◆ Input material ◆
☆ ☆ ☆ ☆ ☆
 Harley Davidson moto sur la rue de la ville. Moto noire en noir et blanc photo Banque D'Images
☆ ☆ ☆ ☆ ☆
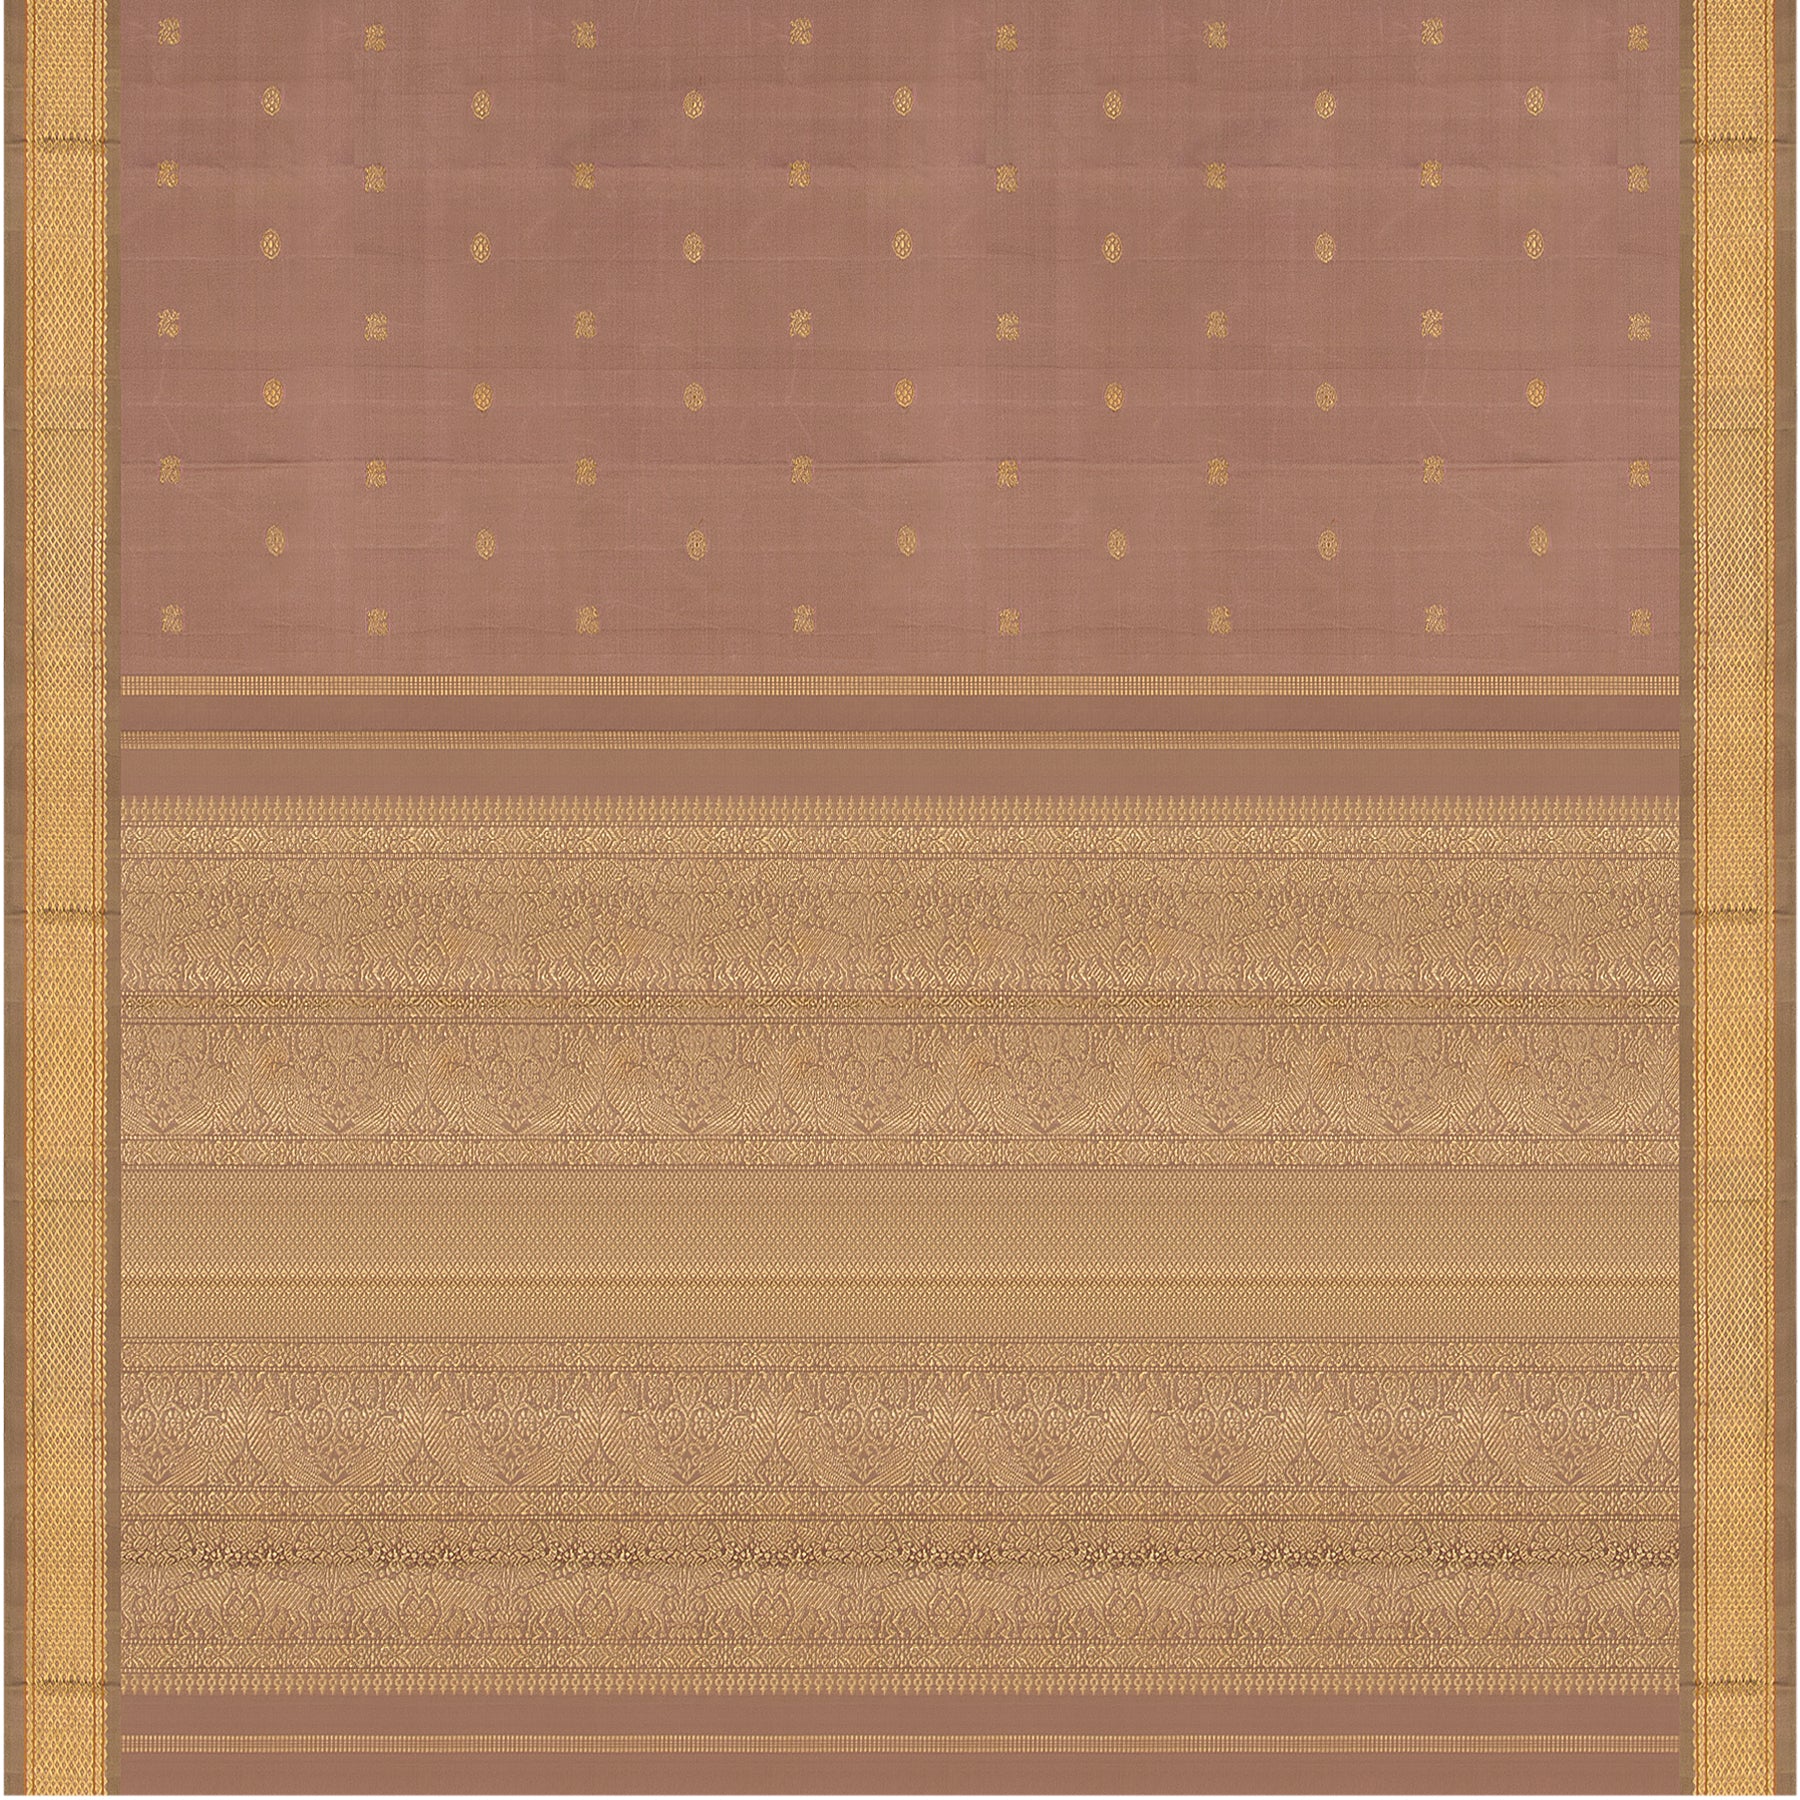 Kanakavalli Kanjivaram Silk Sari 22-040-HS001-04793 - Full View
☆ ☆ ☆ ☆ ☆
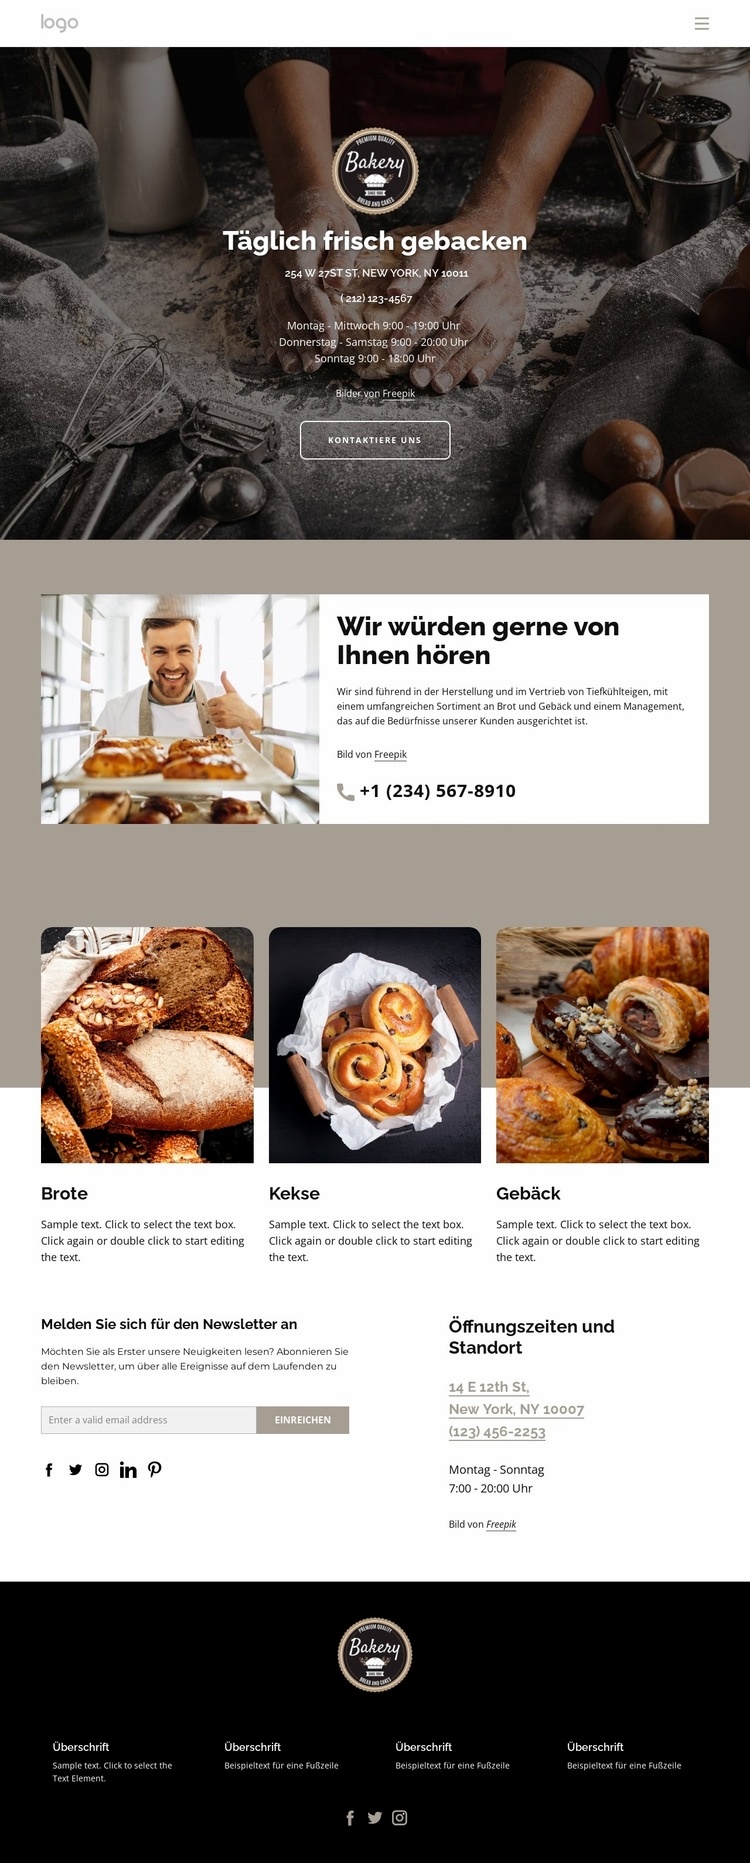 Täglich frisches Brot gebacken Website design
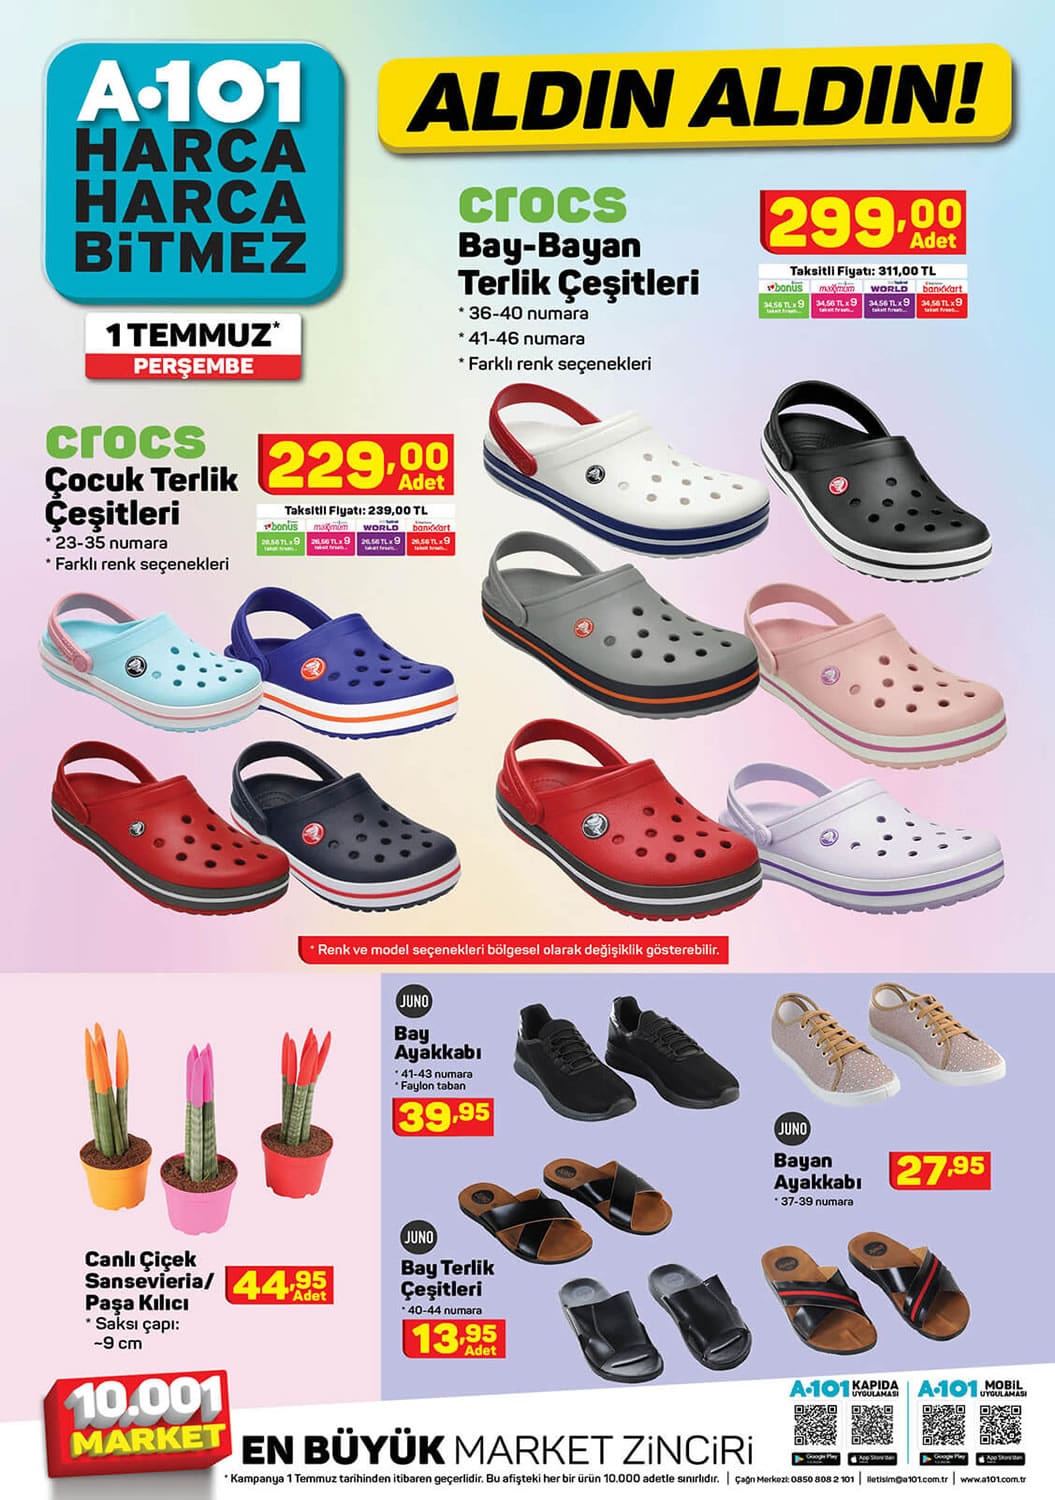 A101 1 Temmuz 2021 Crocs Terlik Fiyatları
☆ ☆ ☆ ☆ ☆
◆ What to do ◆
Only the lines above from the one with "Täglich frisches Brot" to the one with "A101 1 Temmuz 2021 Crocs Terlik Fiyatları" should be printed, both included and exactly as written; no picture belongs in the copy.

◆ Written solution ◆
 Täglich frisches Brot gebacken Website design
 A101 1 Temmuz 2021 Crocs Terlik Fiyatları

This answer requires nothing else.